### Exercise:
Without the pictures, repeat the listing character for character.

### Supplied material:

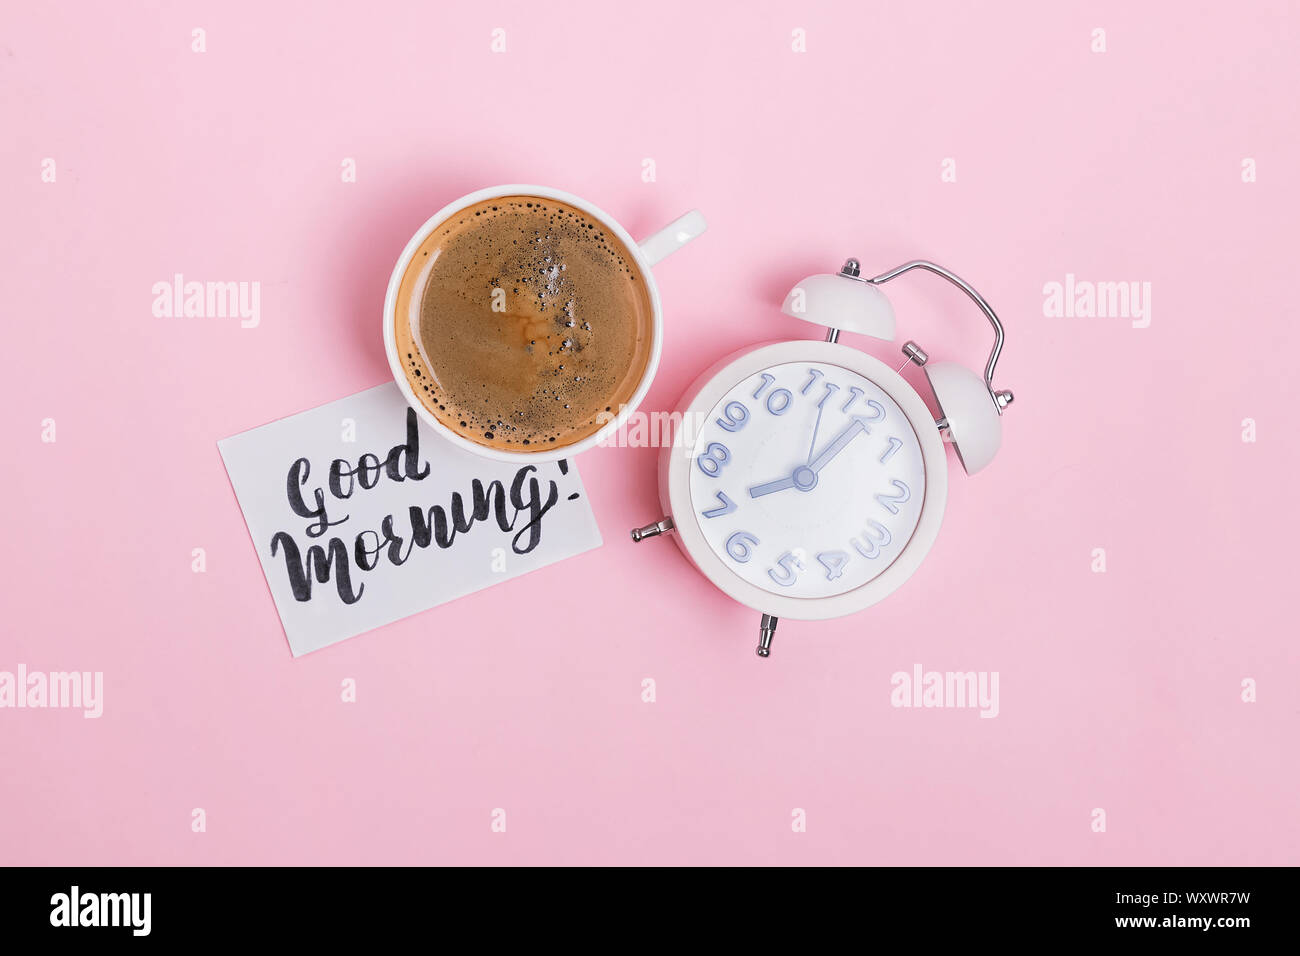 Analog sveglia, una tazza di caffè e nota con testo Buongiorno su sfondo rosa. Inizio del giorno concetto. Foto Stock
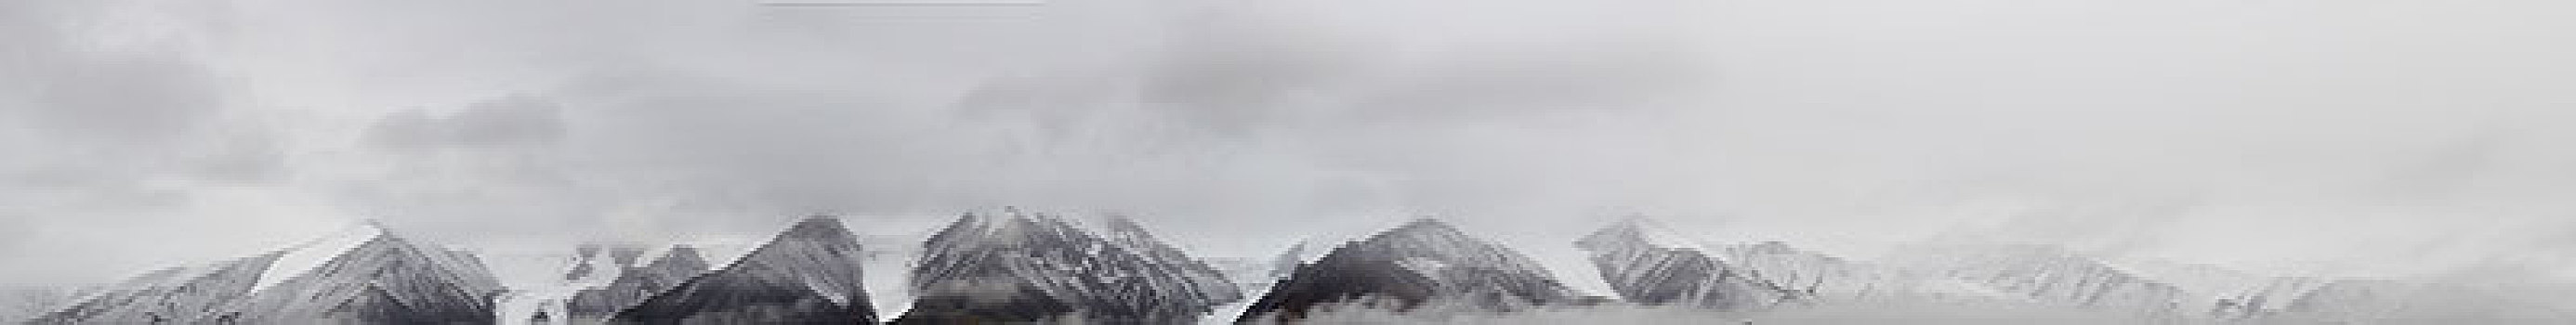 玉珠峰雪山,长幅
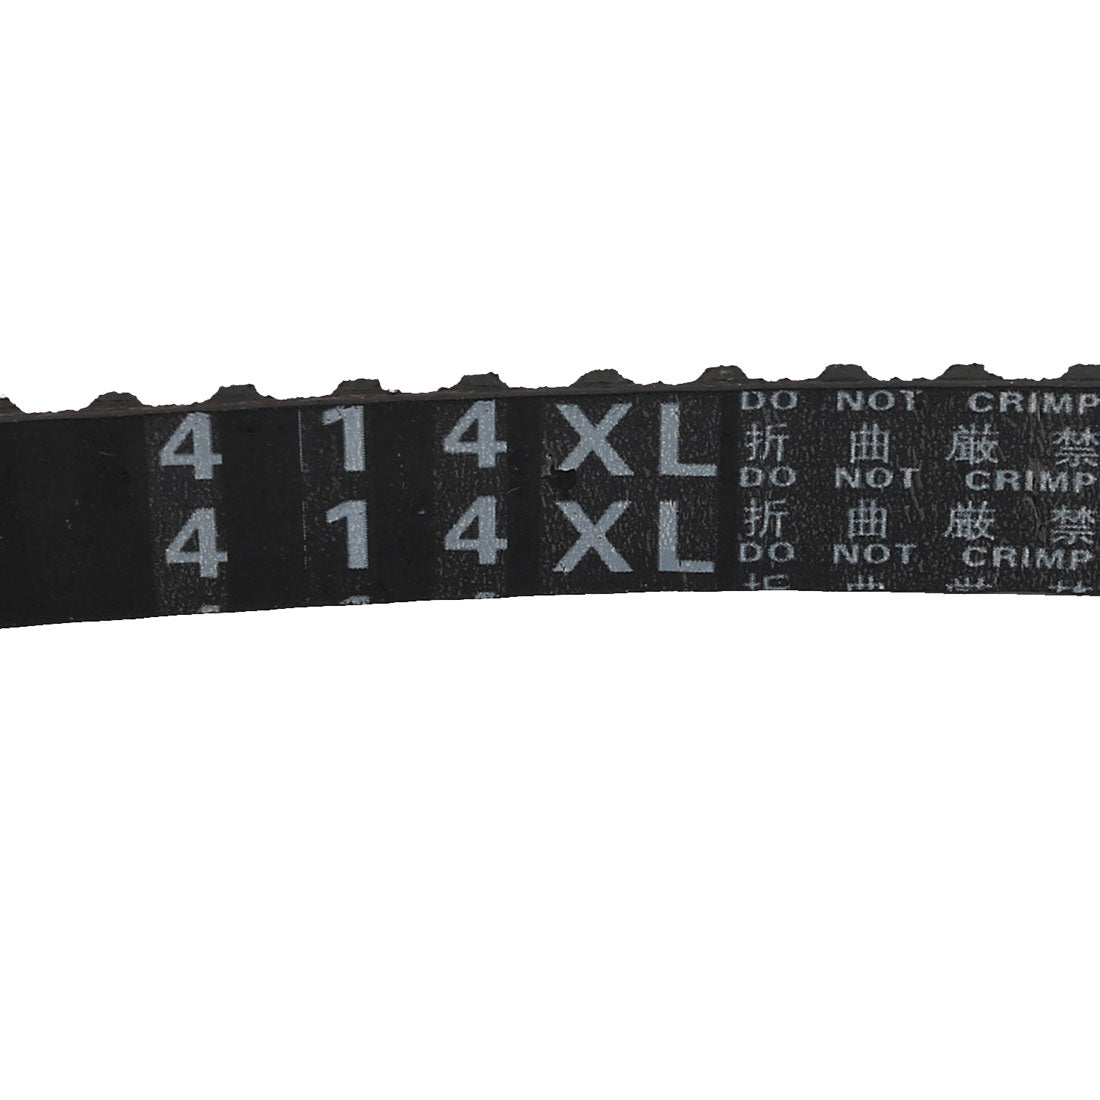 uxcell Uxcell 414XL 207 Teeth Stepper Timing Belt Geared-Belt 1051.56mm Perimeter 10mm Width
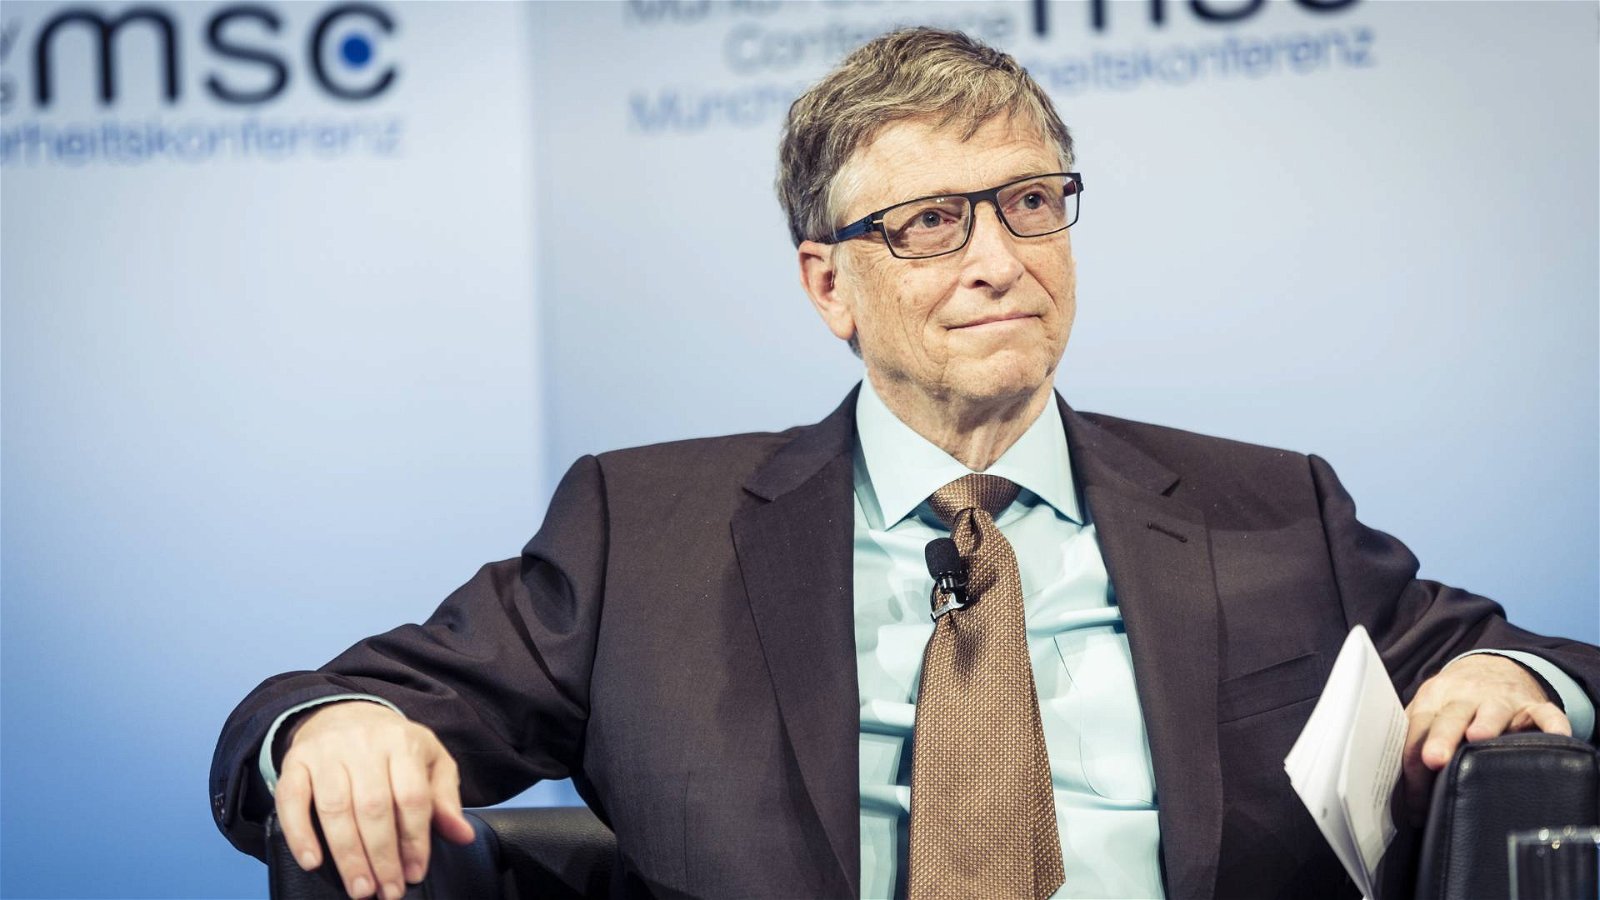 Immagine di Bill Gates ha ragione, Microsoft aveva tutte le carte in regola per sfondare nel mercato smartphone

### Result:
 Analog sveglia, una tazza di caffè e nota con testo Buongiorno su sfondo rosa. Inizio del giorno concetto. Foto Stock
 玉珠峰雪山,长幅
 uxcell Uxcell 414XL 207 Teeth Stepper Timing Belt Geared-Belt 1051.56mm Perimeter 10mm Width
 Immagine di Bill Gates ha ragione, Microsoft aveva tutte le carte in regola per sfondare nel mercato smartphone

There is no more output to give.